Tax day is around the corner and many Pennsylvanians are busy gathering their W-2s, 1099s and other financial documents to submit their taxes for 2017. Meanwhile, some Congressional leaders are making the case to extend temporary provisions to the Tax Cuts and Jobs Act (TCJA), which will expire after 2025. Republicans pushing for this legislation are spinning it as making permanent the benefits to the middle class. But, don’t be fooled.
A new report from the Institute on Taxation and Economic Policy documents how the extension of these so-called “middle-class tax cuts” will continue to primarily benefit the richest Americans and will leave the poorest 20% paying higher taxes on average in 2026 than if the bill was never enacted. The data for Pennsylvania shows that the combined effect of the permanent provisions of the TCJA plus the proposed extension of the temporary benefits will still skew to the wealthy, just as the original law did. As Figure 1 shows, 72% of the tax cuts (the 2018 TCJA + the proposed extension) would go to the richest 20% in Pennsylvania–those earning more than $133,500 a year. More than half of the tax cuts–52%–would go to the richest 5% in PA, which is those who make more than $277,700 a year (not shown). Meanwhile, the bottom 60% of income earners in PA would see only 12% of the tax cuts (9% for the middle 20%, 3% for the second 20% and -0.2% for the poorest 20%).
Figure 2 breaks these numbers down and shows how the share of the tax changes is distributed for each income quintile by the 2018 Tax Cut and Jobs Act (in blue), the proposed extension in 2026 (in orange) and then the combined impact (in grey). This shows that the proposed extension in 2026 follows the same trend that the TCJA did—that richest Pennsylvanians are the ones who will benefit the most from the tax bill and the extension.

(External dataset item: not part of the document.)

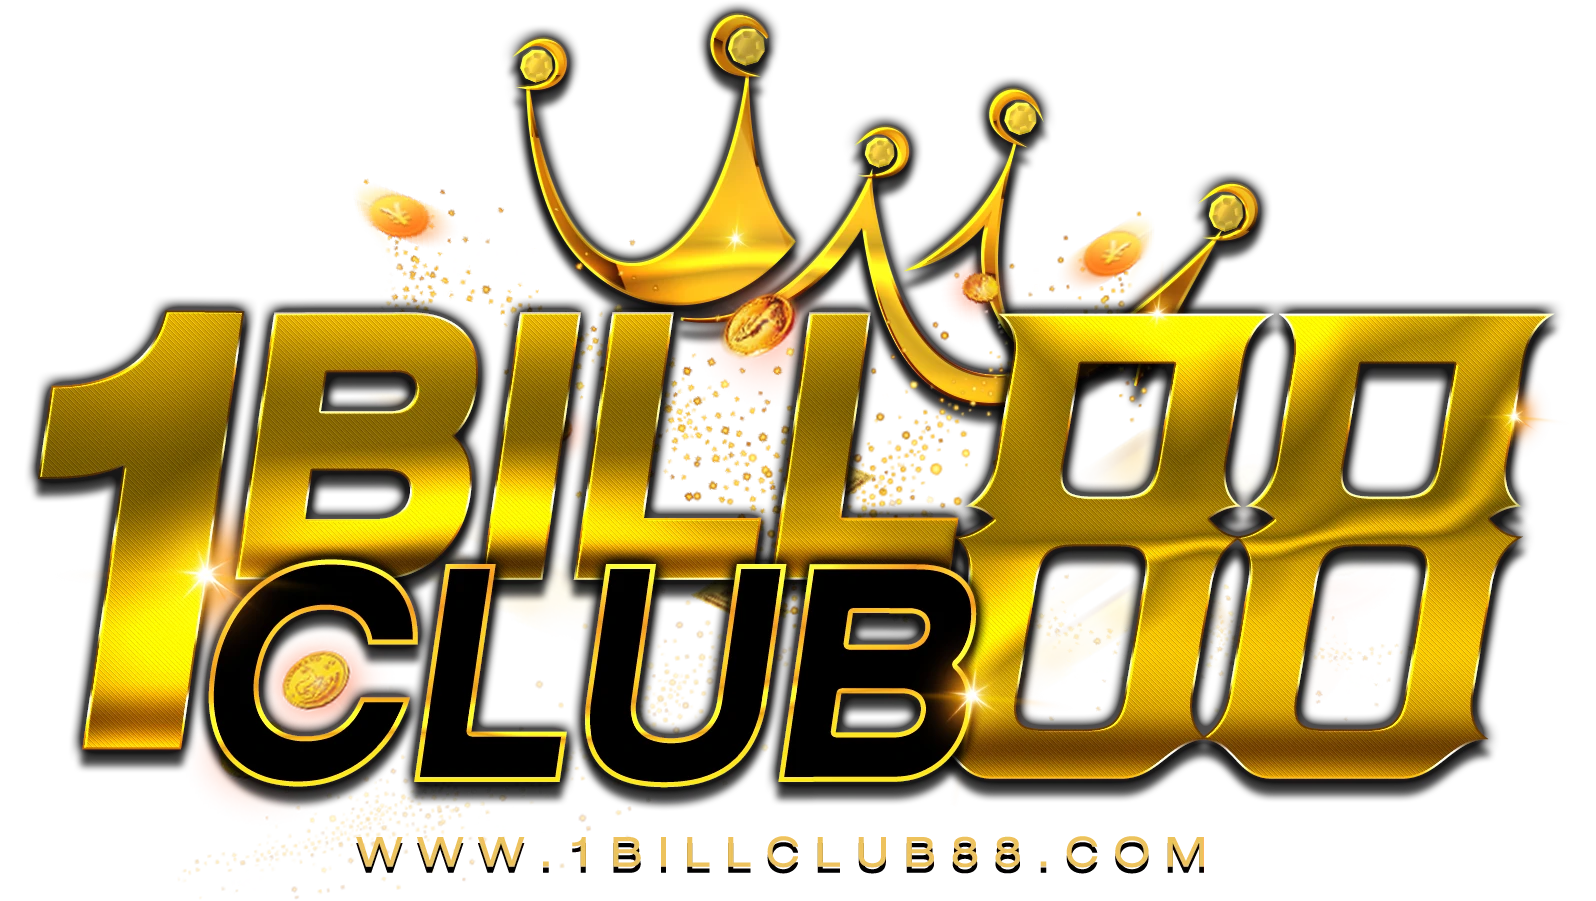 logo-1BILLCLUB88-ok

Many of the permanent provisions of the Tax Cut and Jobs Act, like the nation’s largest-ever corporate tax cuts, benefit the rich. While some of the extensions do help the middle class, they also include the extension of other tax cuts that are targeted specifically at the wealthy, like the tax cut for “pass-through” businesses and the estate tax.
Chart 1 breaks down the average tax changes for each income group in Pennsylvania, including the tax change due to the TCJA, the proposed extension and then the combined effect. A couple of notable points jump out from this data.
In 2026, the richest 1% in Pennsylvania will receive, on average, a tax cut of $4,400, but with the proposed extension, they would see an additional $33,500. Combined, the richest 1% would see an average tax cut of $37,890–much more than they would have seen with the TCJA alone.
Under TCJA, by 2026, the bottom 60% of Pennsylvanians would have seen a tax hike. While the proposed extension offsets this somewhat for the middle and second 20%, the proposed extension does not provide enough tax cuts to offset the tax hikes for the poorest 20%. The poorest Pennsylvanians will, on average, still see a tax hike.
With the proposed extension, the richest 1% of income earners in Pennsylvania will see an average tax cut of $37,890 while the bottom 60% will see an average tax cut of $320 (or $26 a month). That is, the richest 1% of Pennsylvanians will see a tax cut 118 times greater than the bottom 60%.
Doesn’t seem like a middle-class tax cut to me. Then or with the extension.